"""

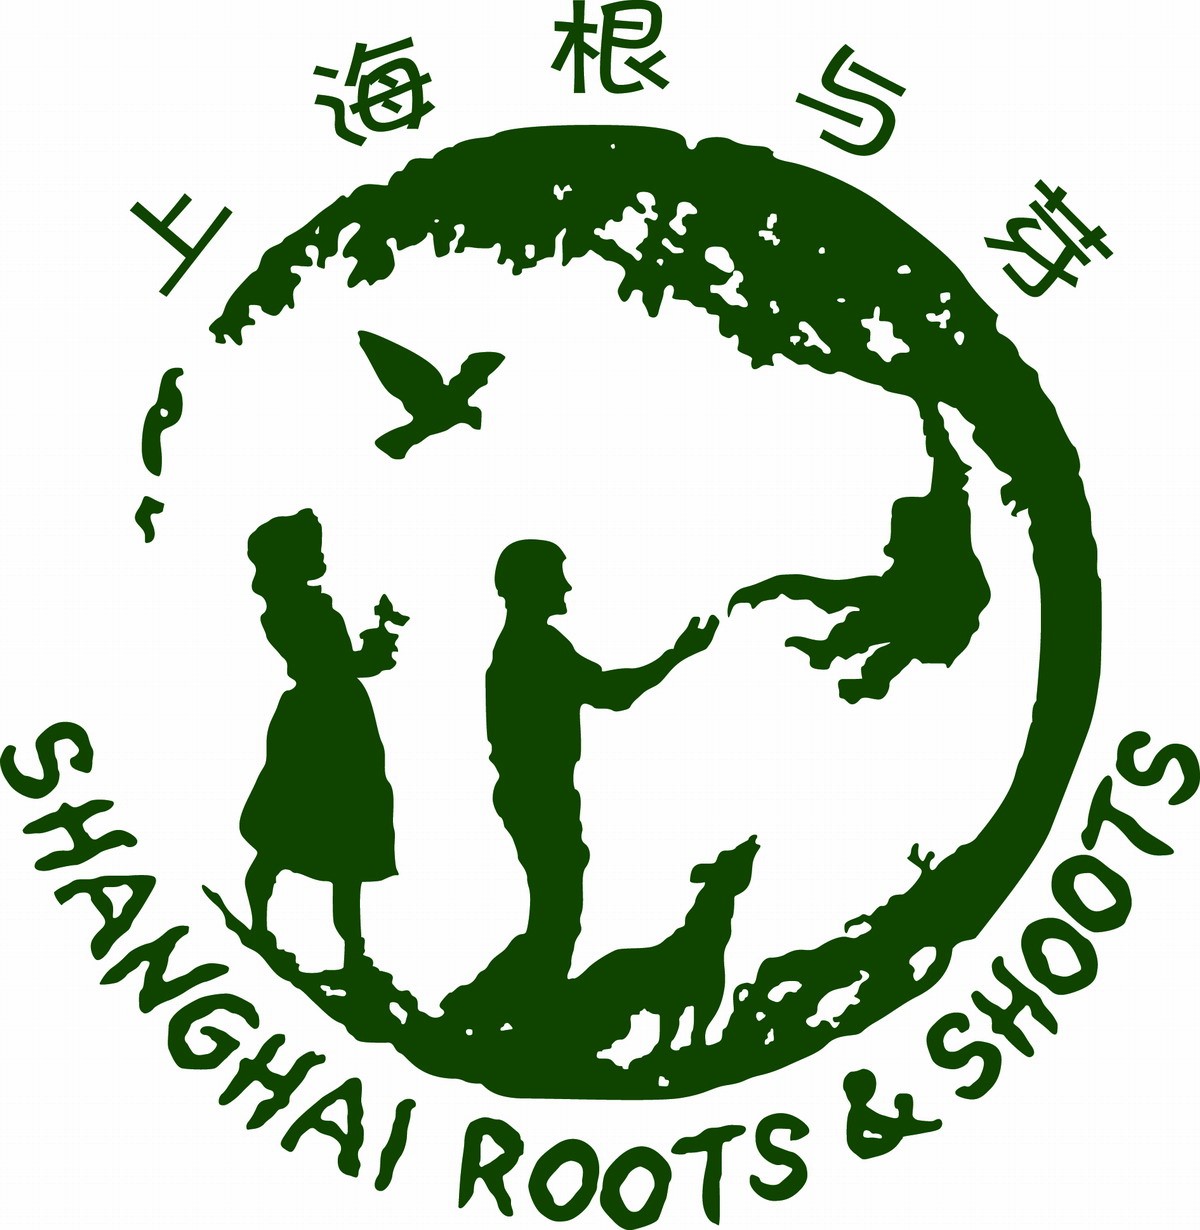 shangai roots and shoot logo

"""
"""

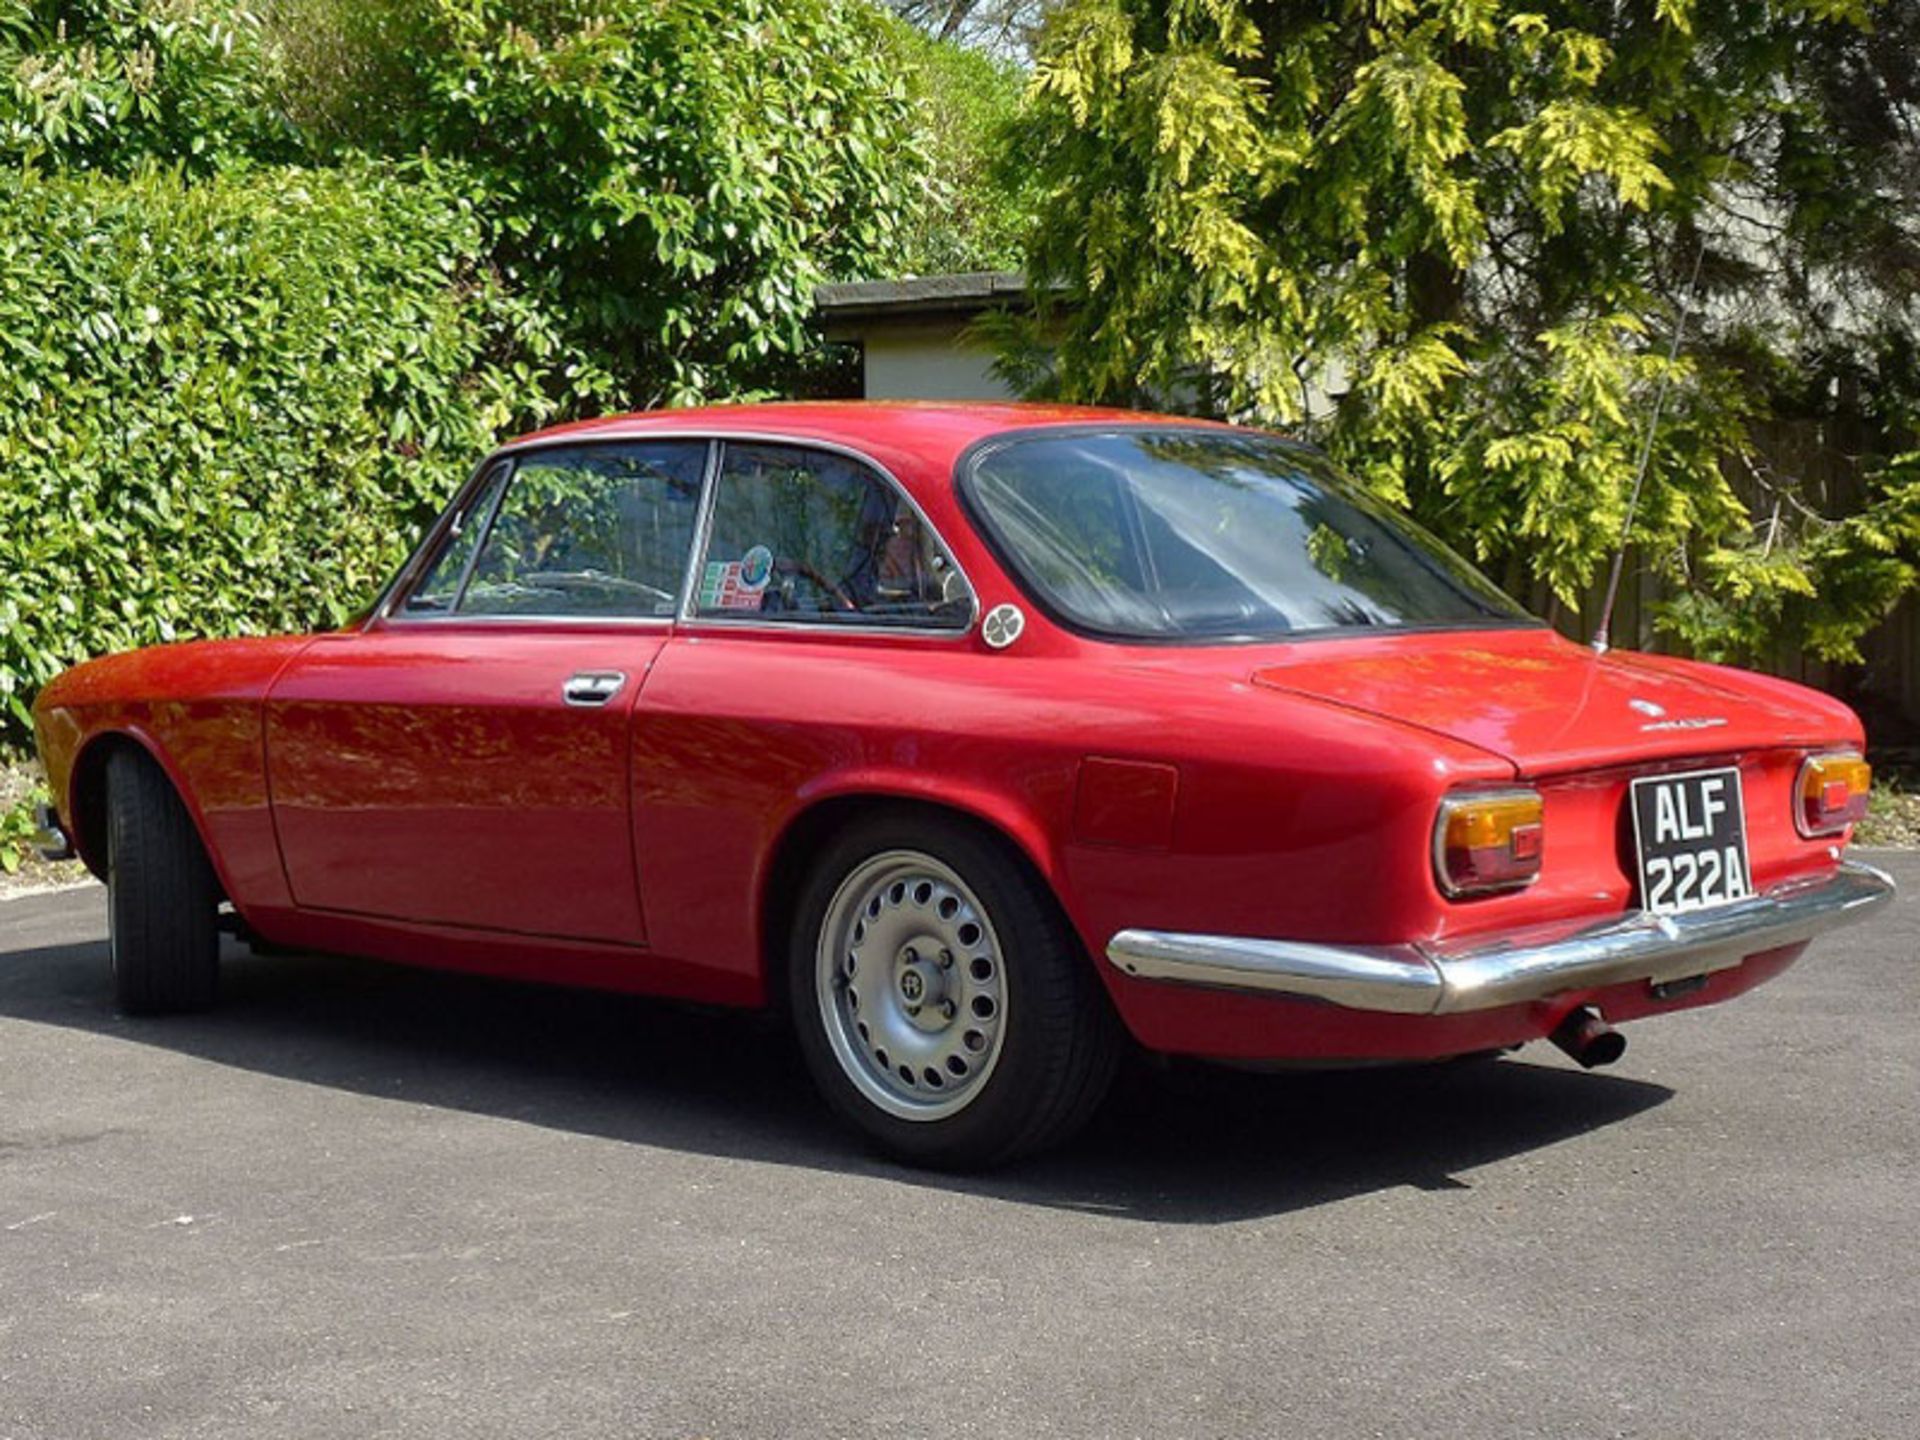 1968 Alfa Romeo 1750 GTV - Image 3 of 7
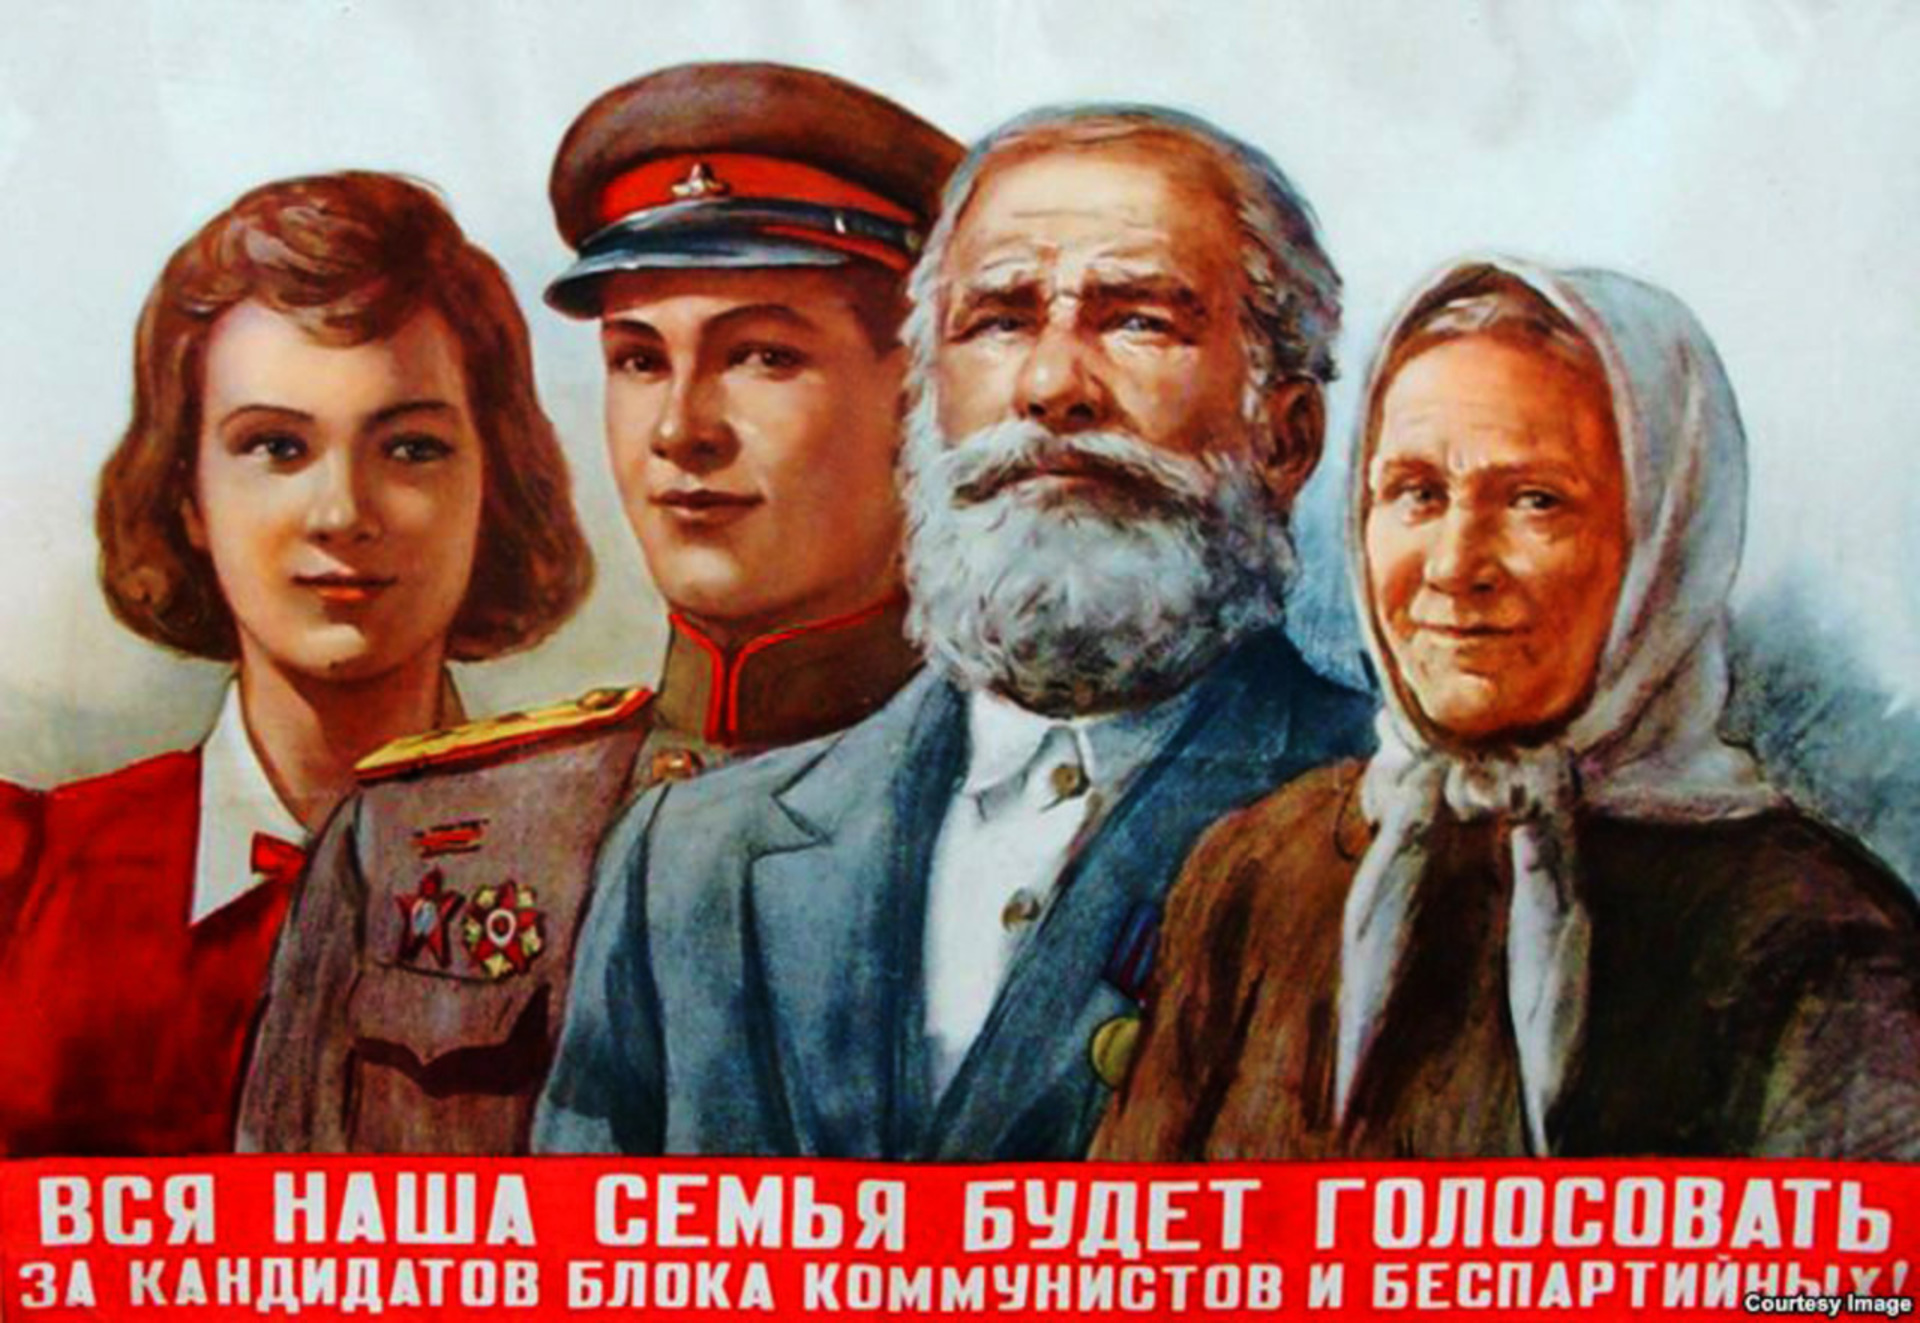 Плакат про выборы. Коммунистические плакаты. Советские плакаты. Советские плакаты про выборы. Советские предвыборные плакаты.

"""

> [INSTRUCTIONS TO FOLLOW]:
Your reply is to be an exact repeat of the listing above from the line holding "1968 Alfa Romeo 1750 GTV - Image 3 of 7" down to the line holding "Плакат про выборы.", ends included, pictures excluded.

> [WRITTEN SOLUTION]:
 1968 Alfa Romeo 1750 GTV - Image 3 of 7
 Плакат про выборы. Коммунистические плакаты. Советские плакаты. Советские плакаты про выборы. Советские предвыборные плакаты.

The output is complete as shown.